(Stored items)
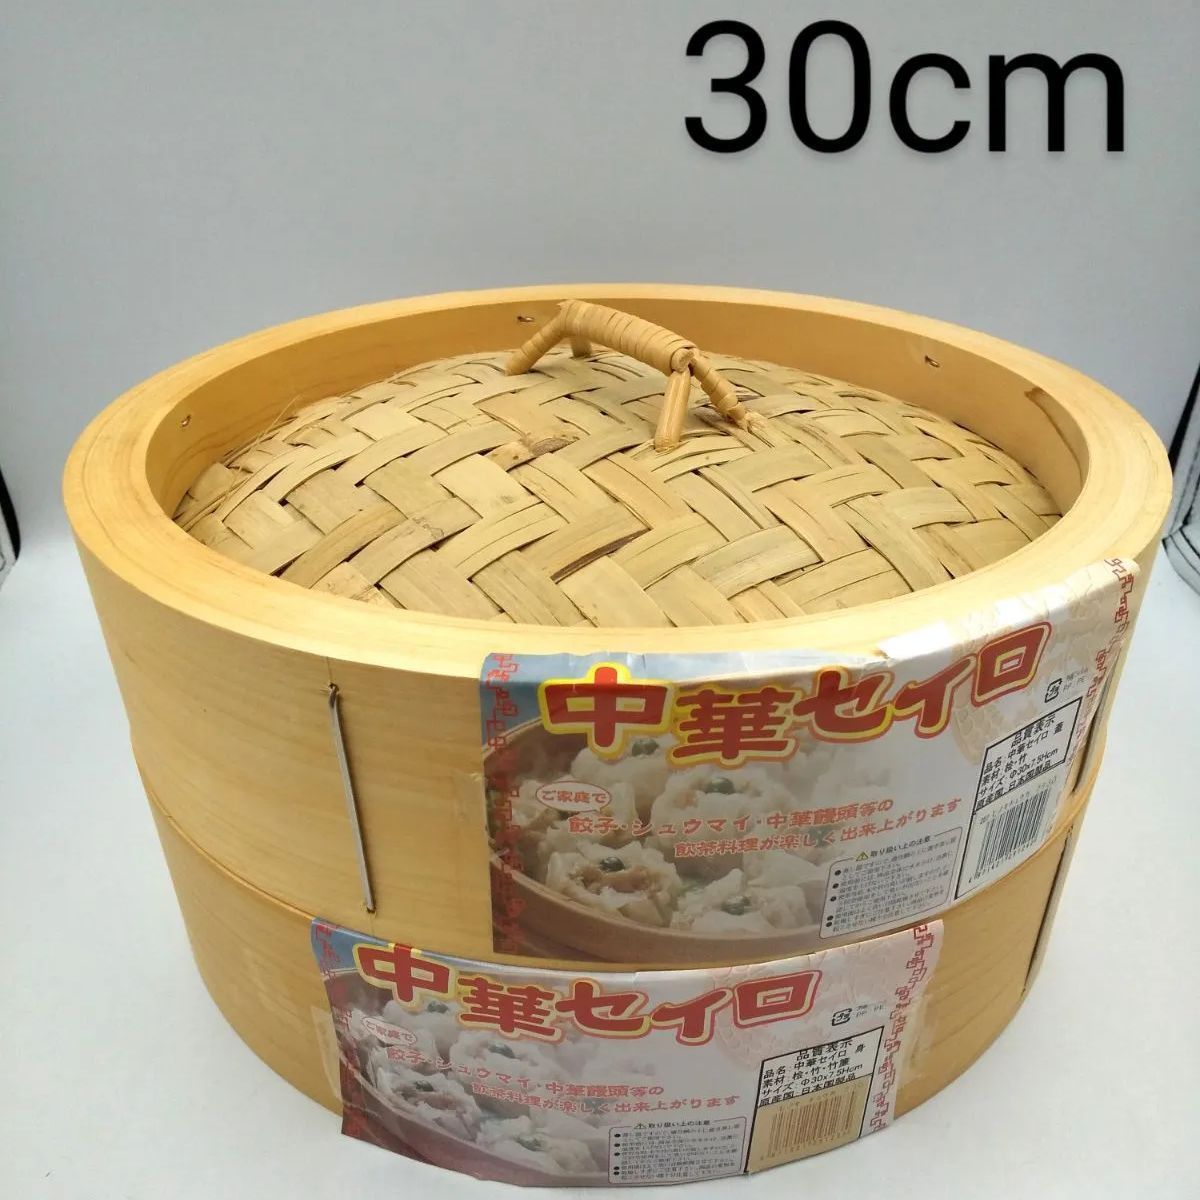 中華セイロ 蒸籠 桧 竹 竹簾 30cm 日本国製品 新品未使用 - メルカリ
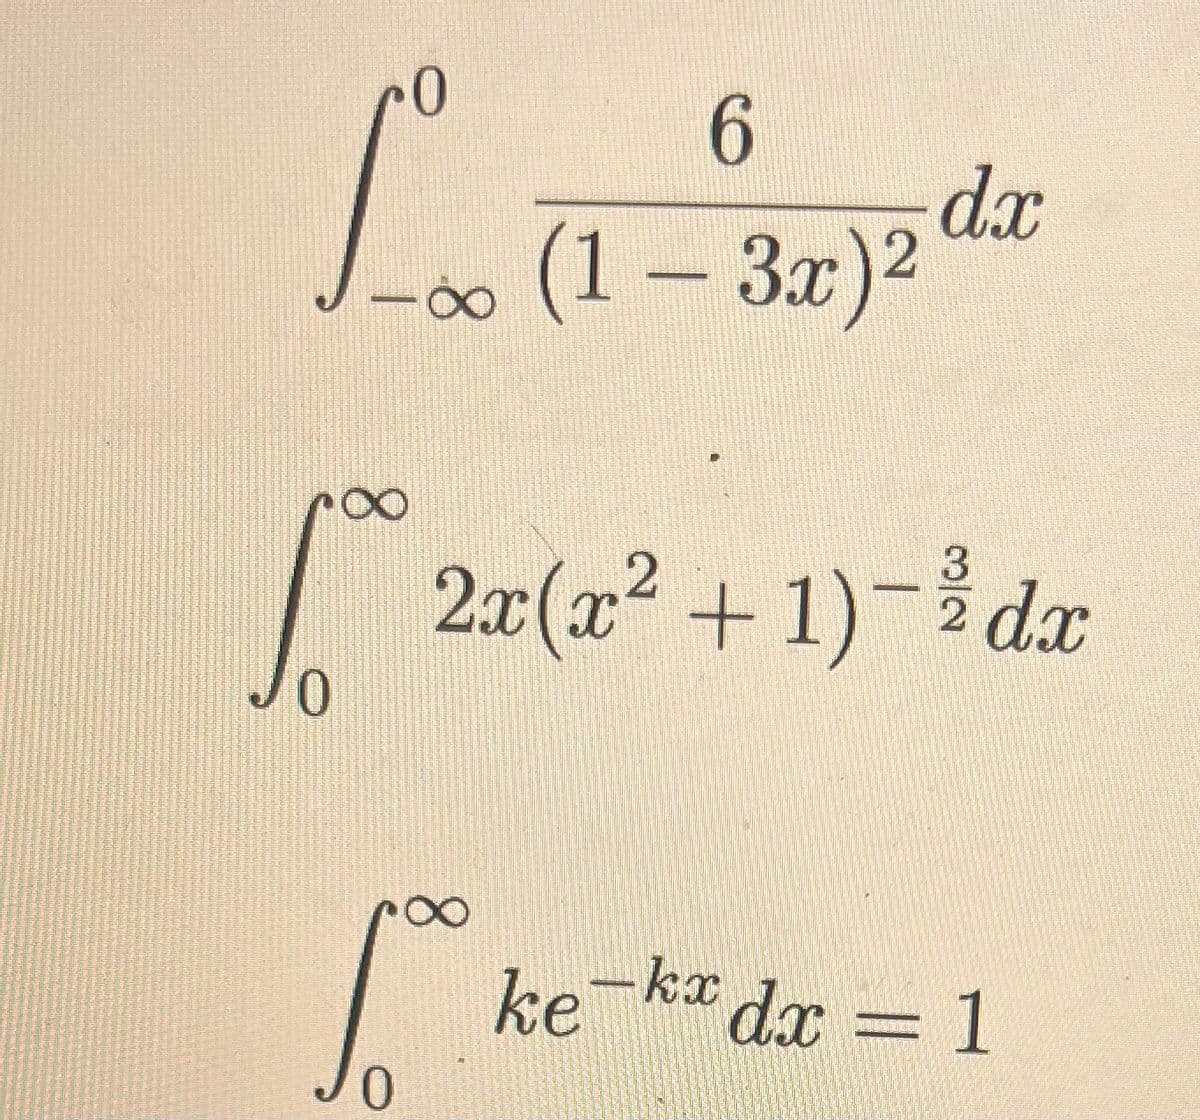 0
6
[…1
(1 – 3x)²
100 ²
JO
0
dx
2x(x² +1)-1dx
-kxdx = 1
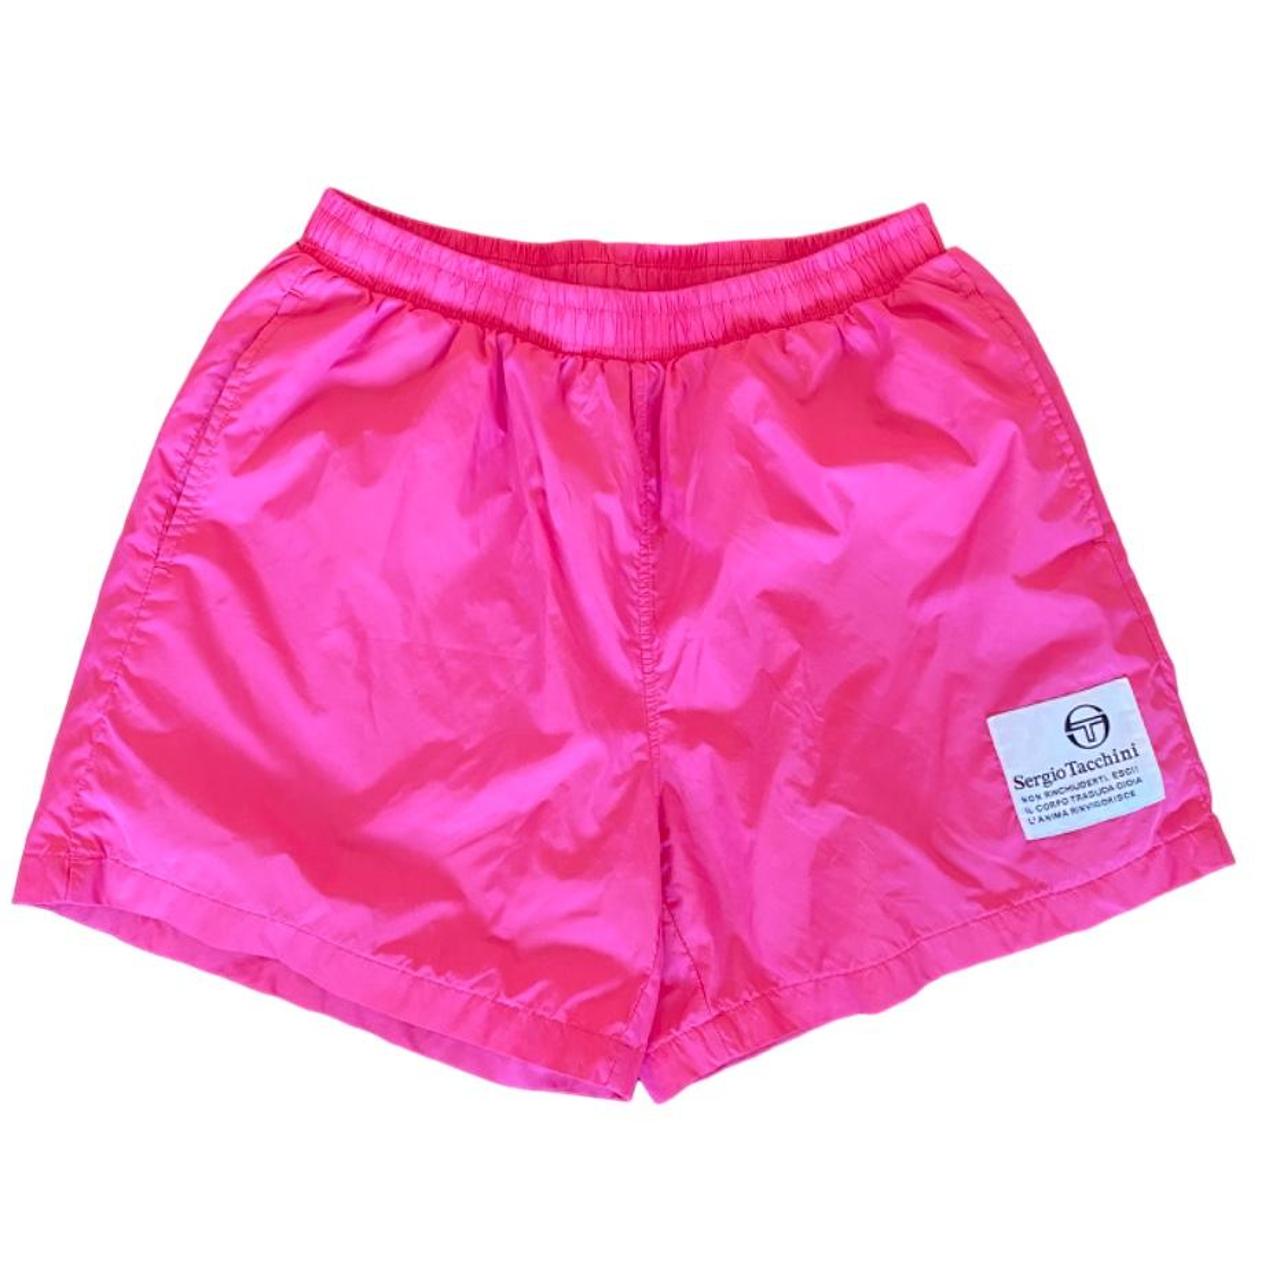 Sergio Tacchini Men's Pink Swim-briefs-shorts
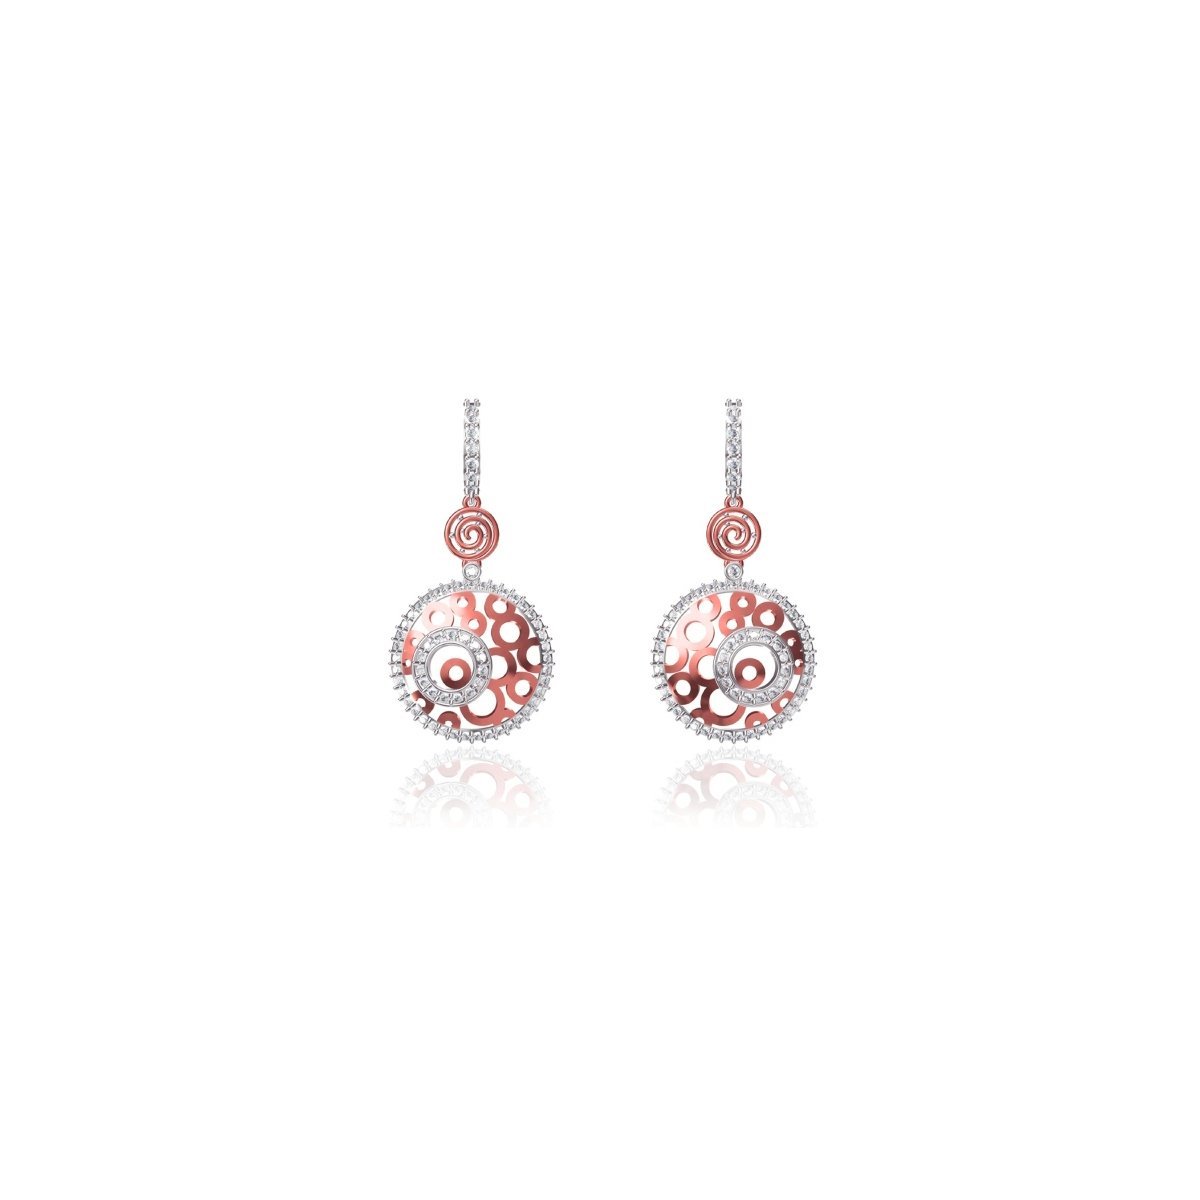 Ruby Earrings. Red Stud Earrings. Big Stud Earrings. Rhinestone Stud  Earrings. Ruby Crystal Earrings. Estate Jewelry, Women Gift - Etsy
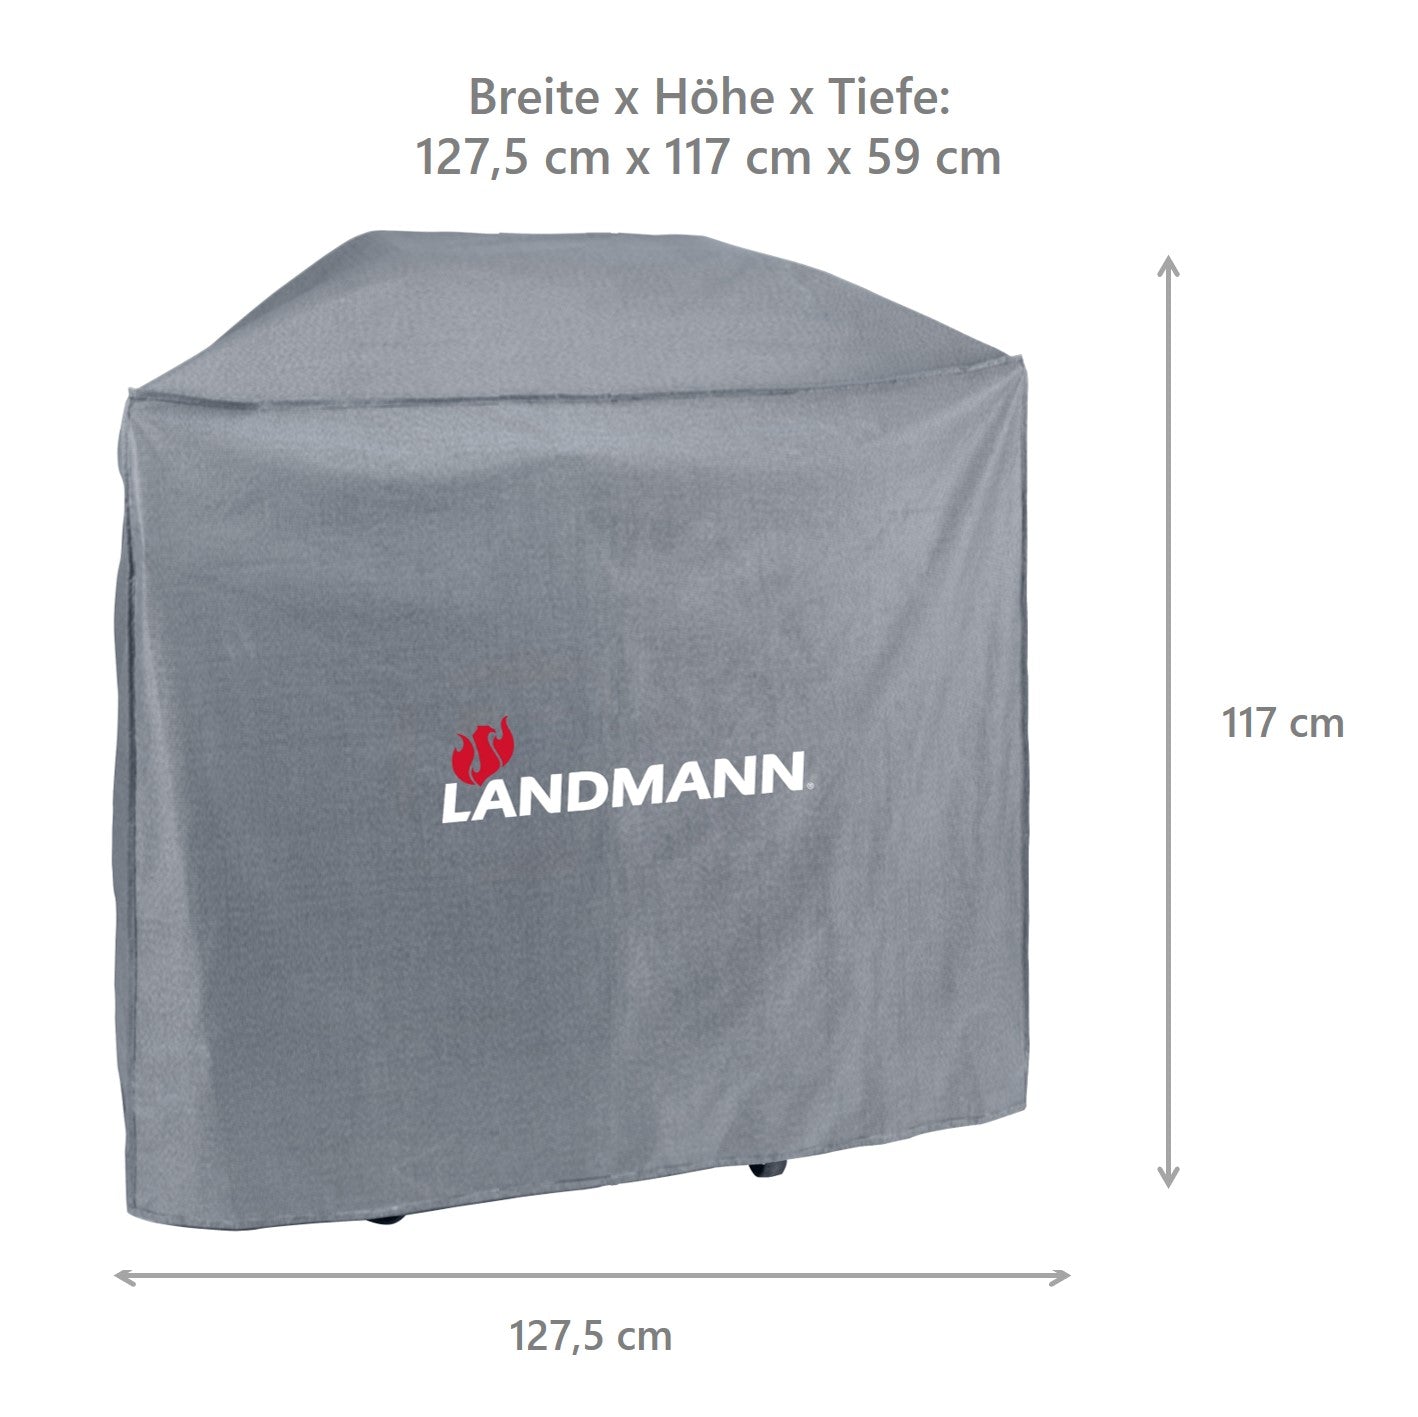 Premium Wetterschutzhaube - 59 x 127,5 x 117 cm

> Your goal:
Write out exactly and only the lines that run from the start of the data above through the line containing "Ruby Earrings. Red", leaving the pictures out.

> Task solution:
 中華セイロ 蒸籠 桧 竹 竹簾 30cm 日本国製品 新品未使用 - メルカリ
 0
6
[…1
(1 – 3x)²
100 ²
JO
0
dx
2x(x² +1)-1dx
-kxdx = 1
 Sergio Tacchini Men's Pink Swim-briefs-shorts
 Ruby Earrings. Red Stud Earrings. Big Stud Earrings. Rhinestone Stud  Earrings. Ruby Crystal Earrings. Estate Jewelry, Women Gift - Etsy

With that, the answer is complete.